The secret to feeling good is to let yourself feel bad.


That's right. Now, read it again and ponder it for a second.


Now many people logically say in response, "well I've let myself feel bad before and all I did was feel awful before eventually continuing to fight just to feel ok again." Well, if I'm honest, anyone who said that would be correct! That's because the full sentence is actually: the secret to feeling good is to let yourself feel bad in the presence of internal empathy and validation (and external helps too!). That's just a lot harder an axiom to store in our minds than the spirit and impact of the distilled version.


How does this idea work you say?
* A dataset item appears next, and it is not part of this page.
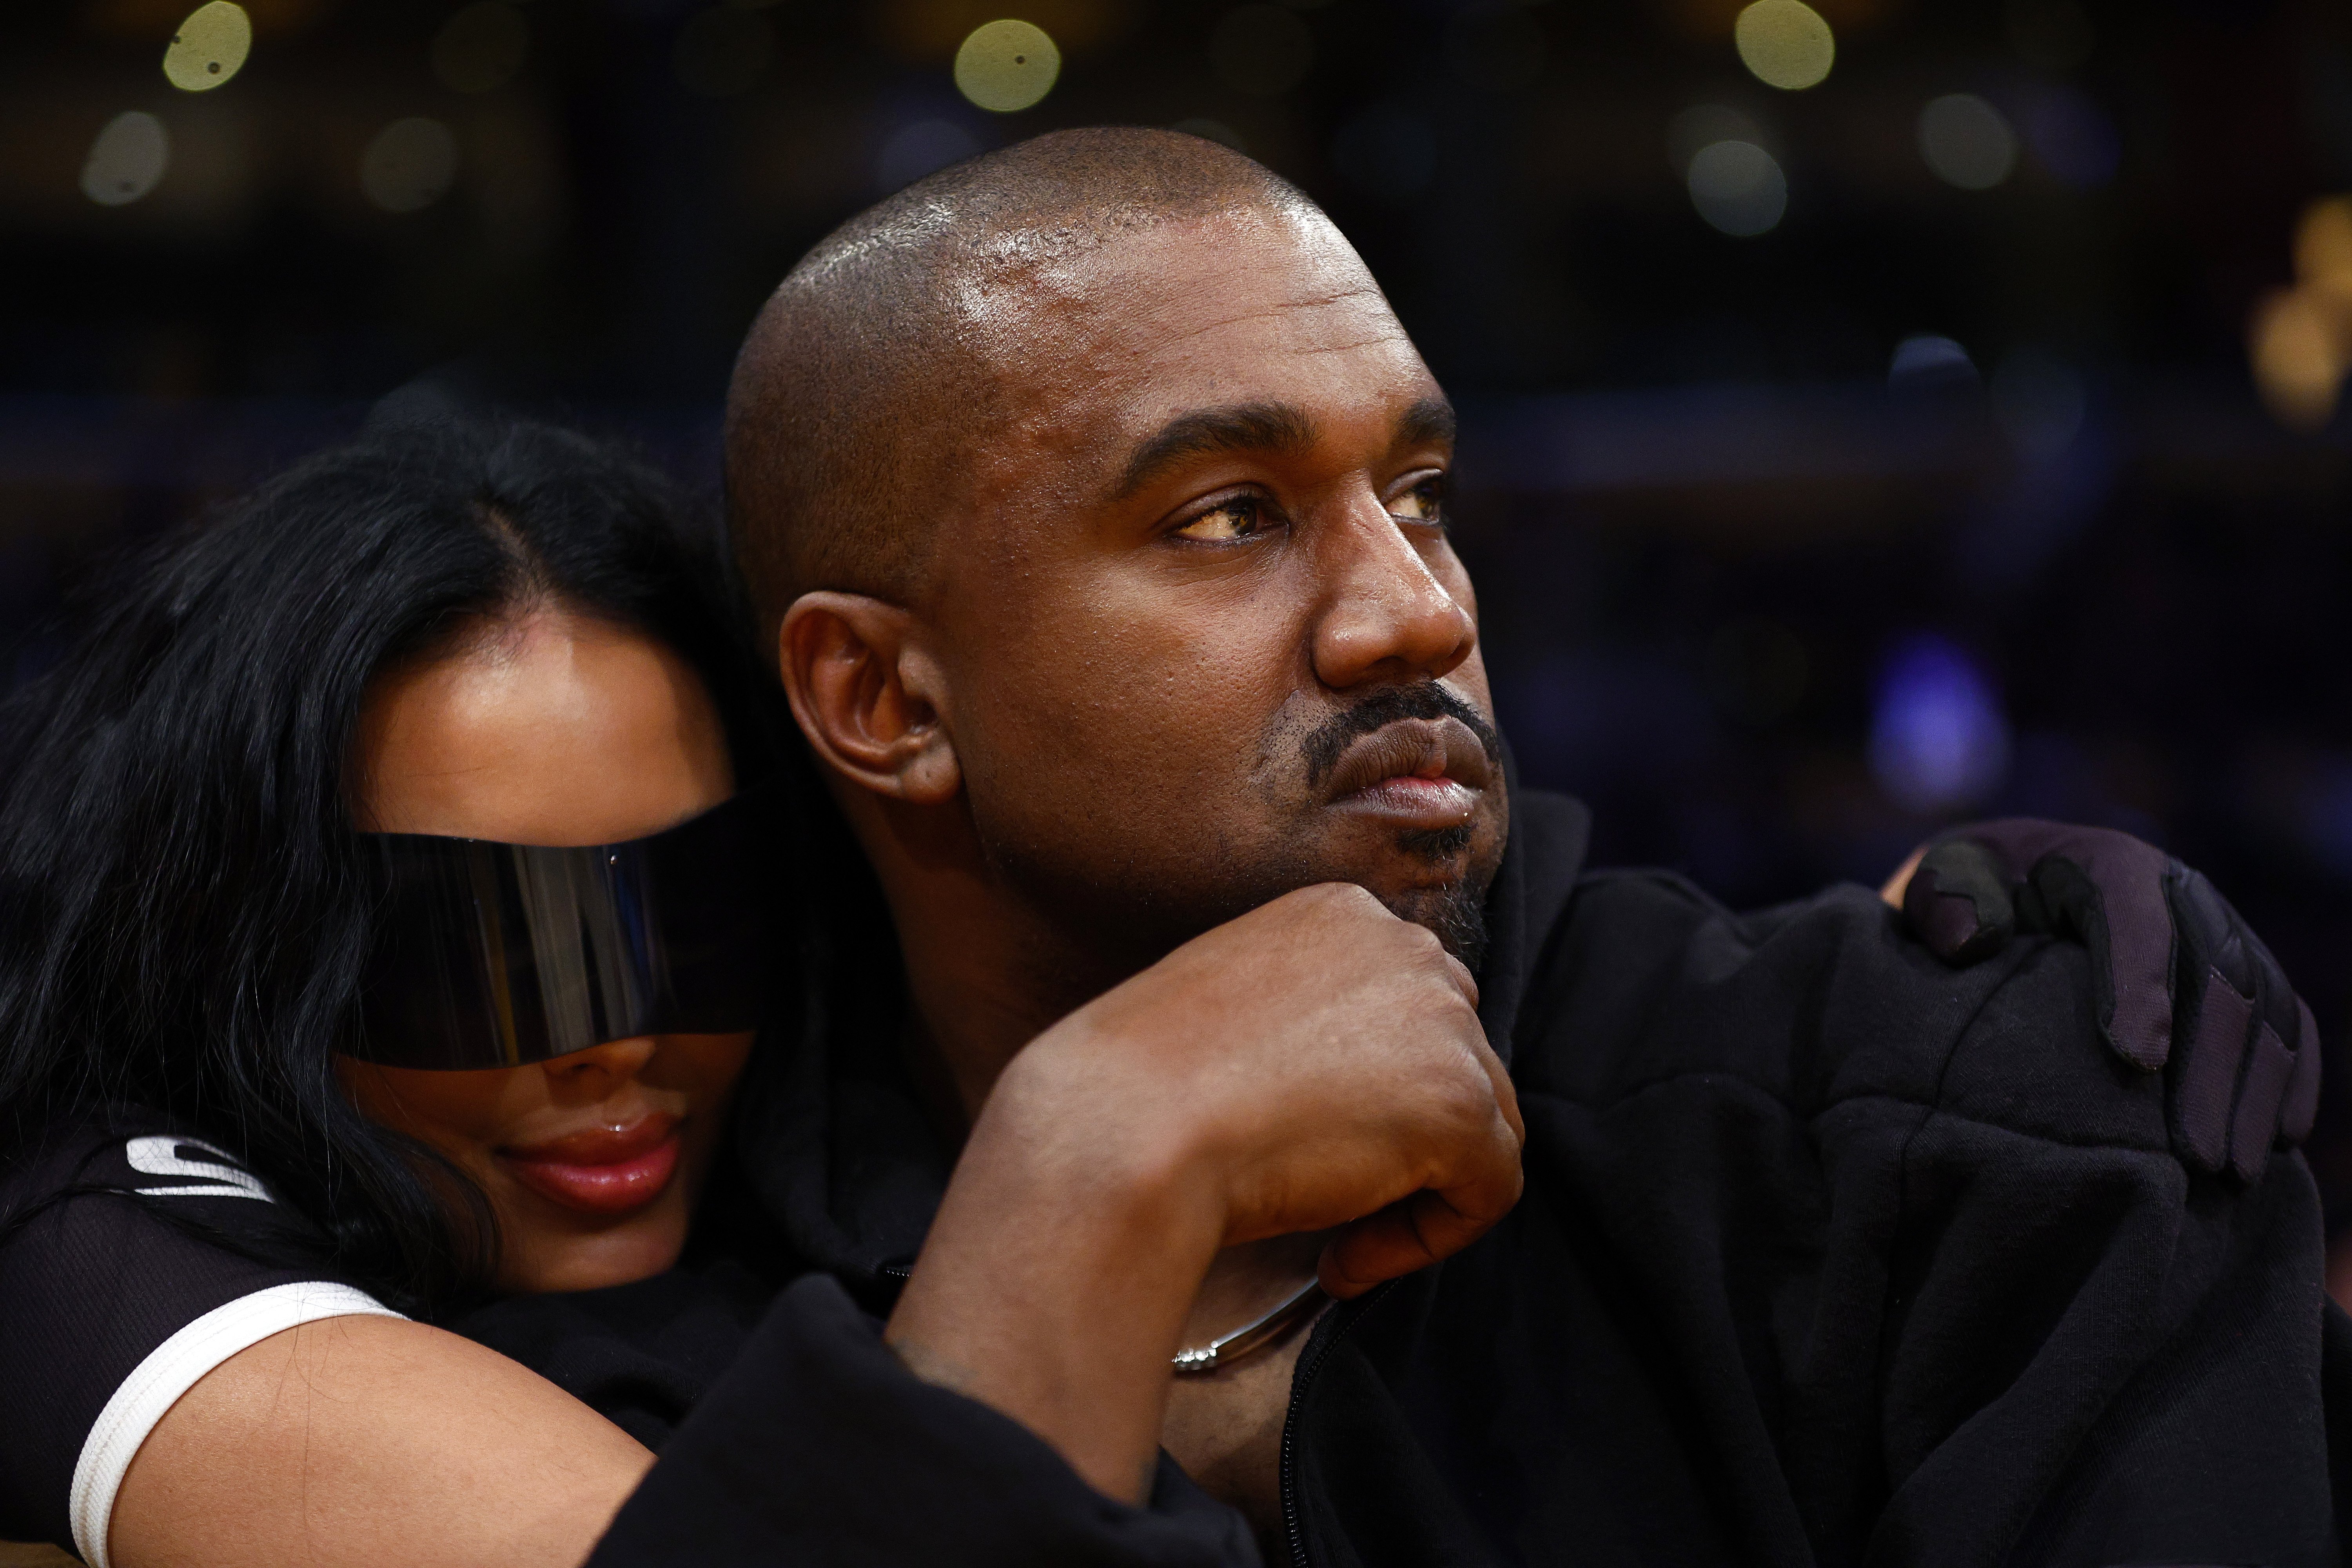 Kanye West and Chaney Jones at a game between the Washington Wizards and the Los Angeles Lakers on March 11, 2022 in Los Angeles.  | Source: Getty Images

Well, many of us have felt strong negative emotion before and had the experience of someone who told us why we shouldn't feel so bad, what we should focus on instead, or generally tried to cheer us up. While well meaning, the underlying message of that behavior is: please stop feeling bad.
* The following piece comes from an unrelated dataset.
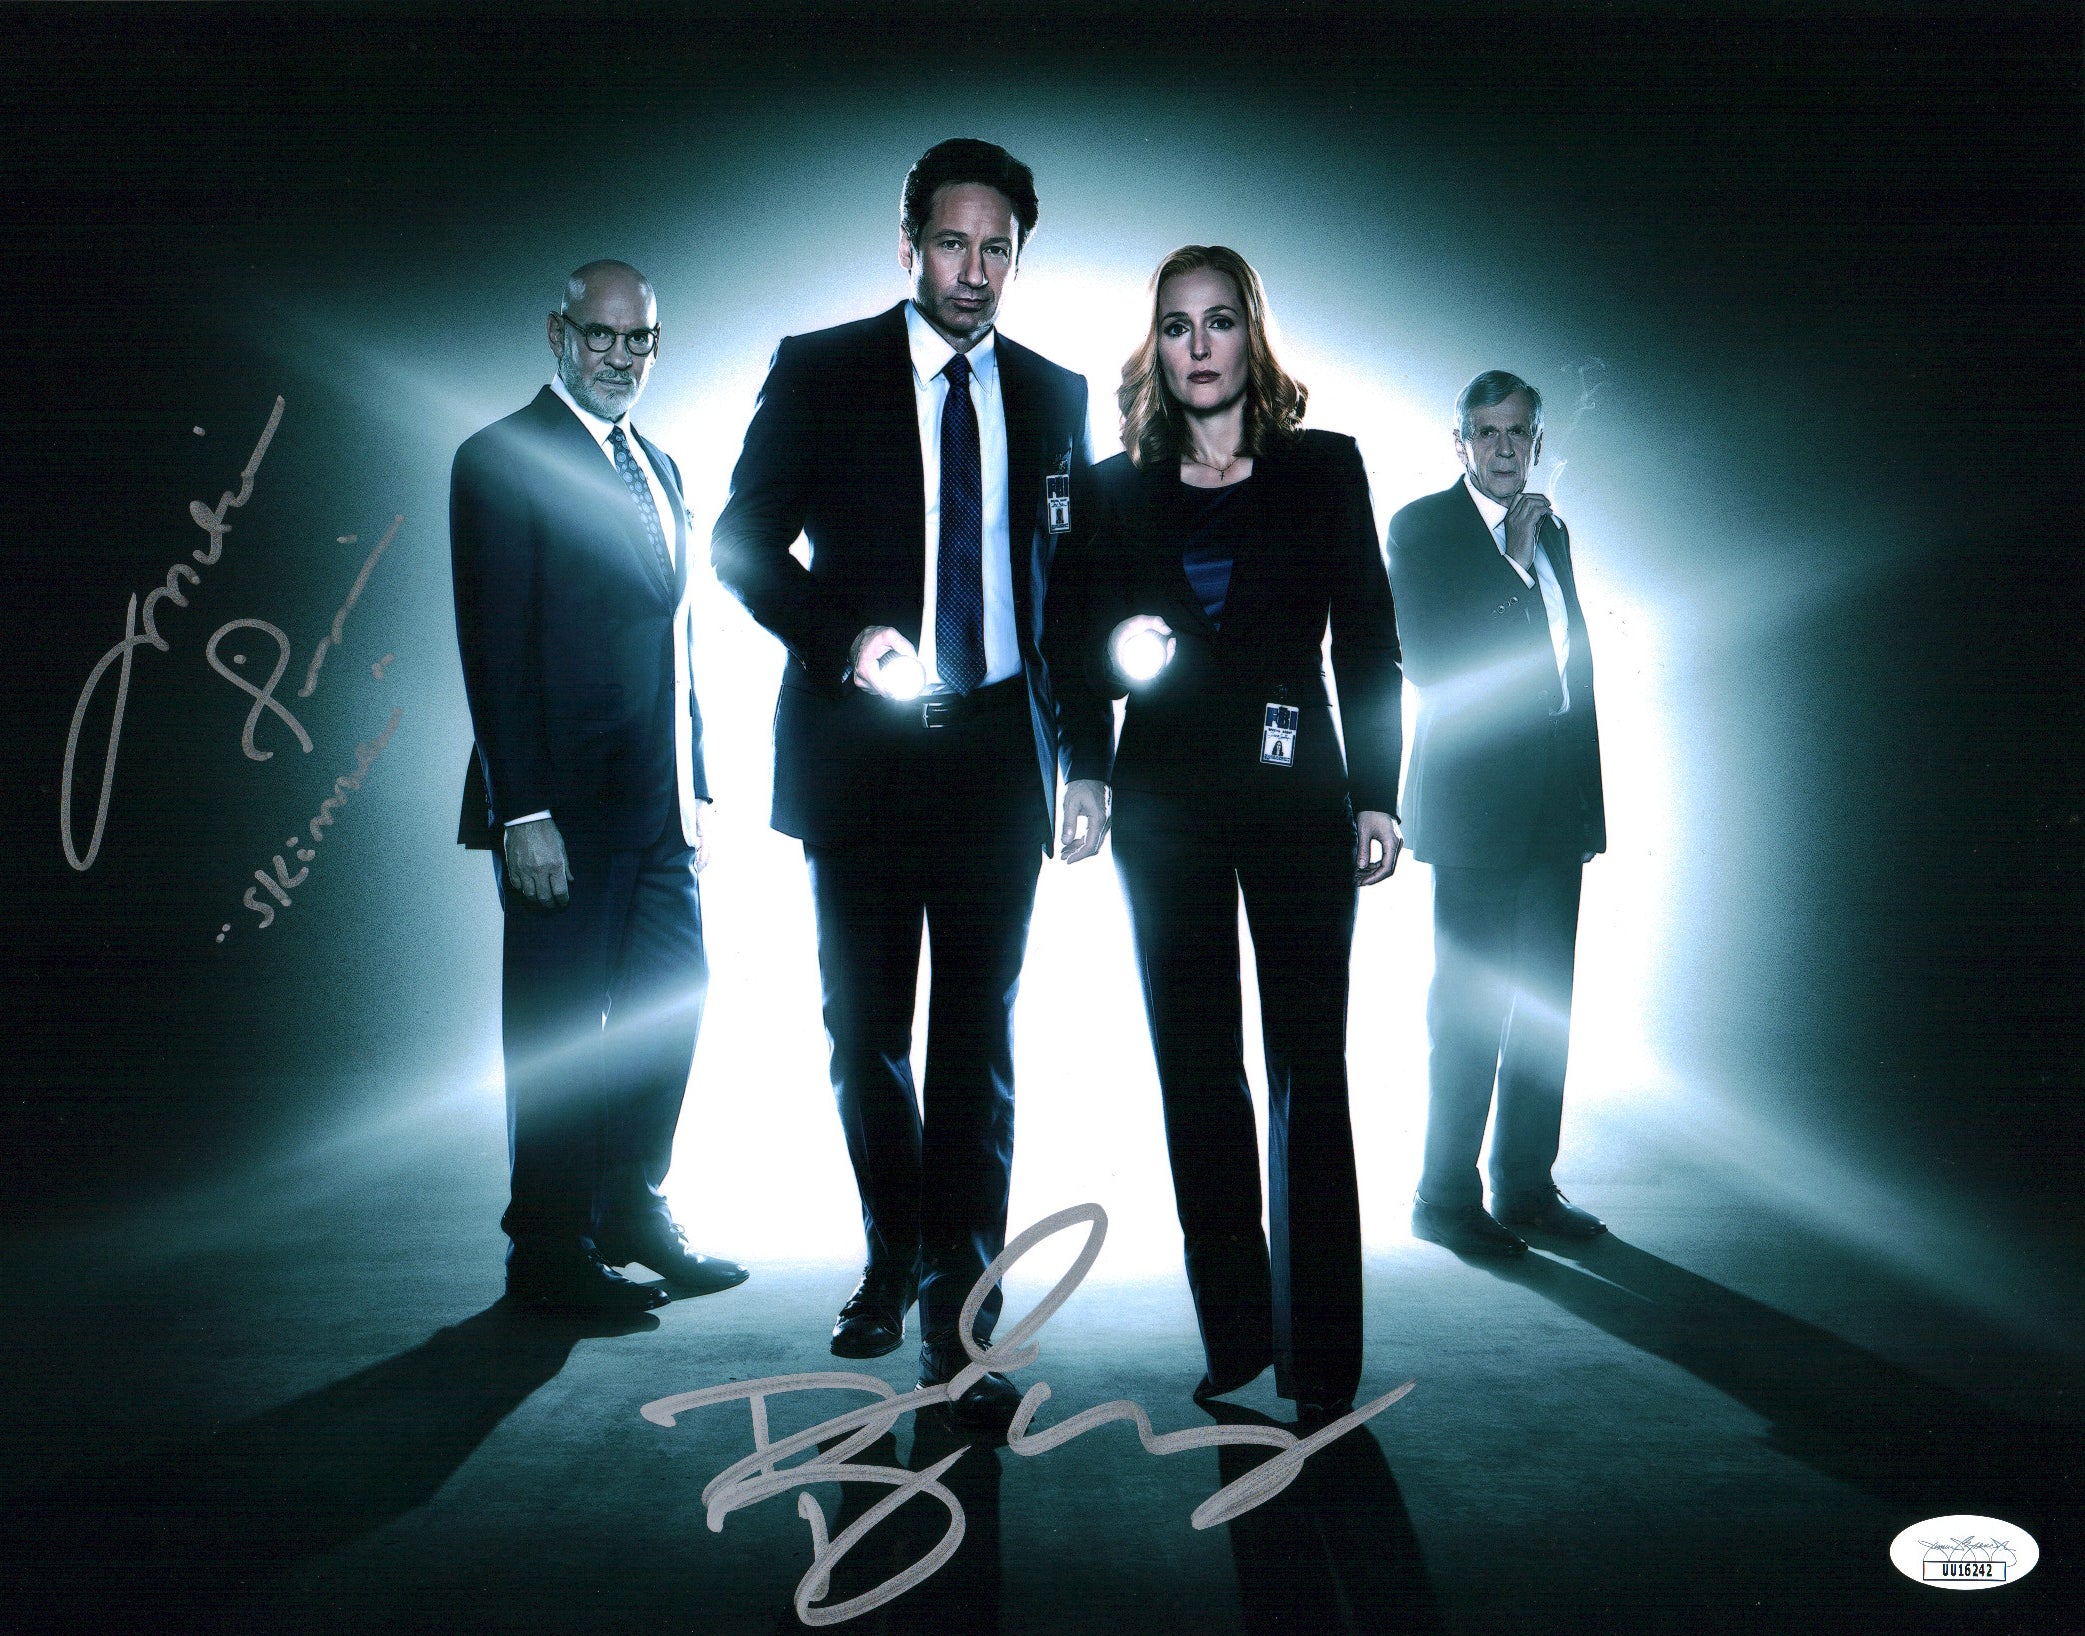 The X Files 11x14 Photo Poster Cast x2 Signed Duchovny, Pileggi JSA Certified Autograph

To take it a step further, a lot of times we don't even let ourselves go there because we repeat the responses we've received above and/or are genuinely afraid of what will happen or what we'll find. Will I ever stop feeling sad? Will the pain be too much? Will it even help? Will I become unstable? Will everyone leave if I'm that sad? I can tell you in having explored the fears of many folks that the bottom of that barrel is most often that we will end up being totally alone, totally unlovable, utterly hating our life, and/or wanting to die. Those are some scary thoughts. We know there's something deep and dark down there and we don't care to poke it or find out what it looks like. As a result, we are afraid of strong negative emotion and don't let ourselves feel it. Instead different parts of us wage wear against the part of us that is so sad to keep it from getting too sad or scary.
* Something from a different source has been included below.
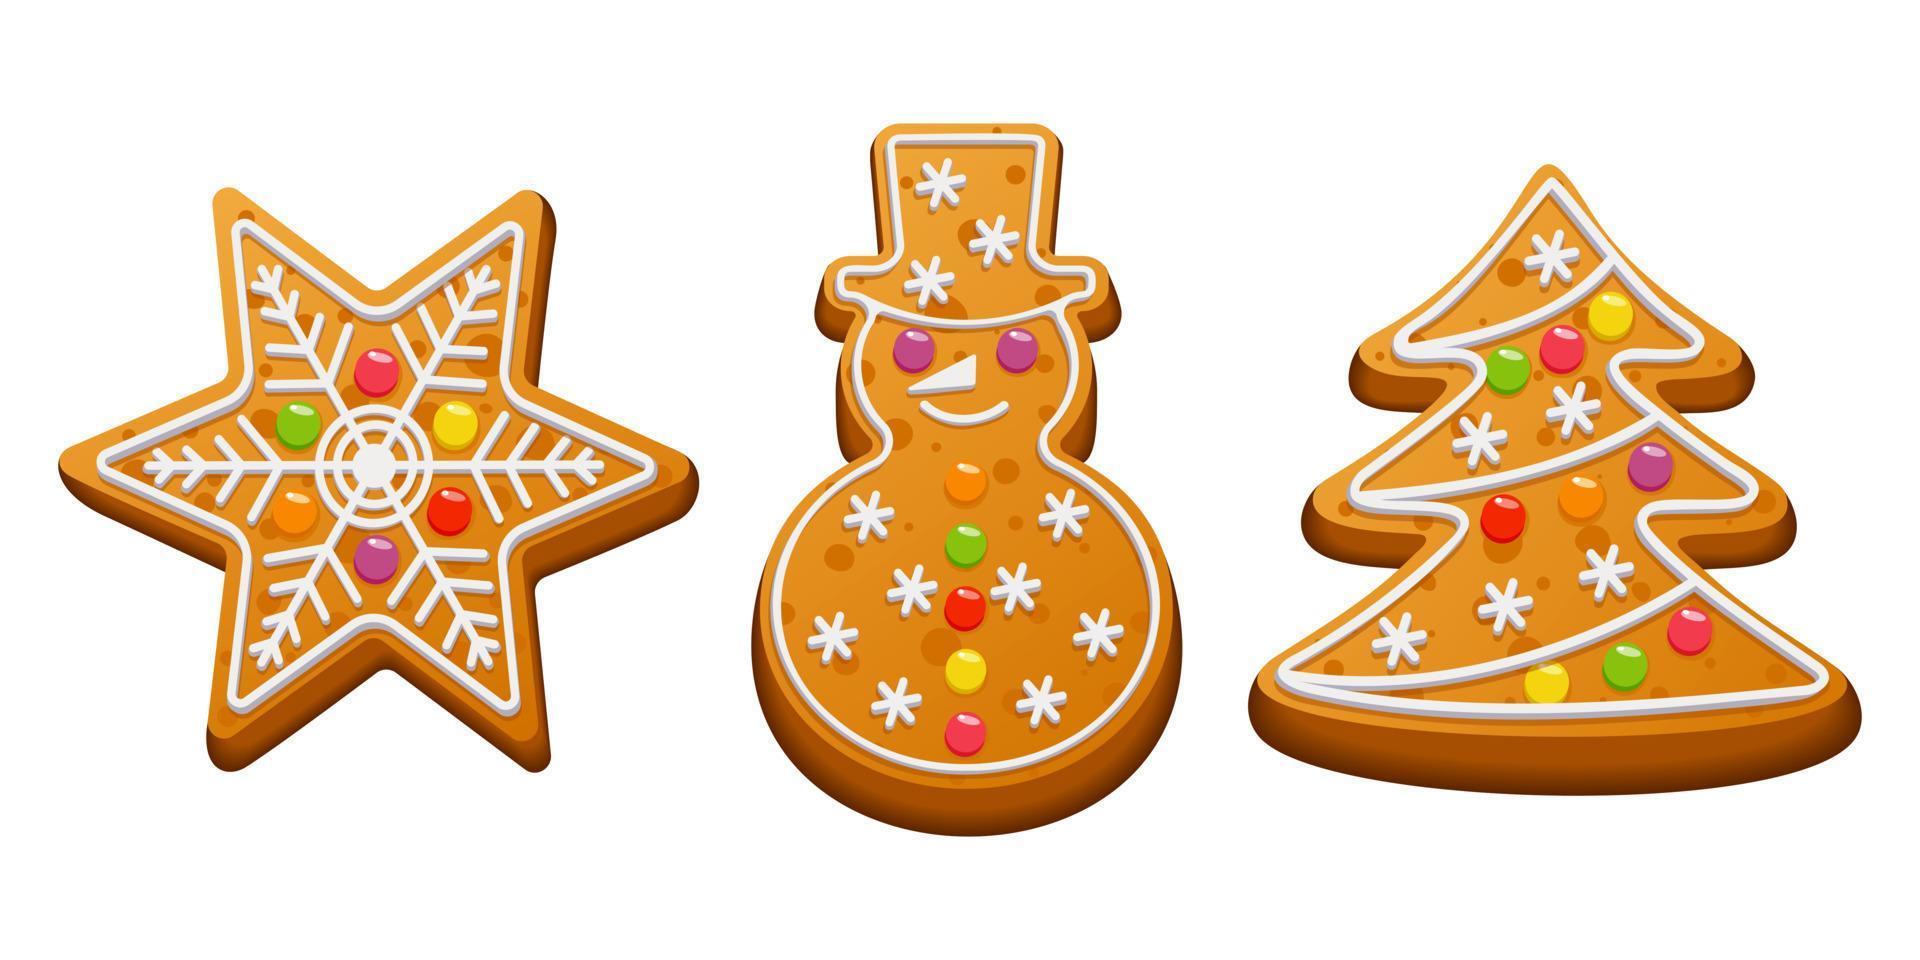 Festive winter cookies snowman, christmas tree, star with sugar icing and marmalade. Gingerbread for Christmas. Vector illustration.

So while simple to understand, it's complex to let ourselves do it. To get to a place where you're ready to let yourself feel strong negative emotion while also feeling empathy and validation for what you had to go through. It is common to first need to try and deeply understand the fears that parts of us carry. Once that happens we are often more willing to let those strong negative emotions surface. Then comes the magic: letting yourself feel empathy for yourself and offer validating statements to yourself about the things you feel so sad, scared, or depressed about. Then just keep doing it until you feel better.


That last paragraph is especially hard for Americans. We pride ourselves on our hard work and toughness. This means to live up to our cultural ideal requires actually building the skill of ignoring how you feel to push through. That part of you that doesn't want to work that hard is the lazy, slovenly enemy worthy of biting criticism. If we make a mistake and can recall any moment when we relaxed and didn't produce something, we call ourselves lazy.


One tool to help find the bottom of your barrel is called Downward Arrow. Read this post to learn more about how to use when reflecting on the fears in to your efforts.


So there you go! If you can learn to let yourself feel bad with empathy and validation, you can start feeling good enough that all those other fantastic habits will enhance your life.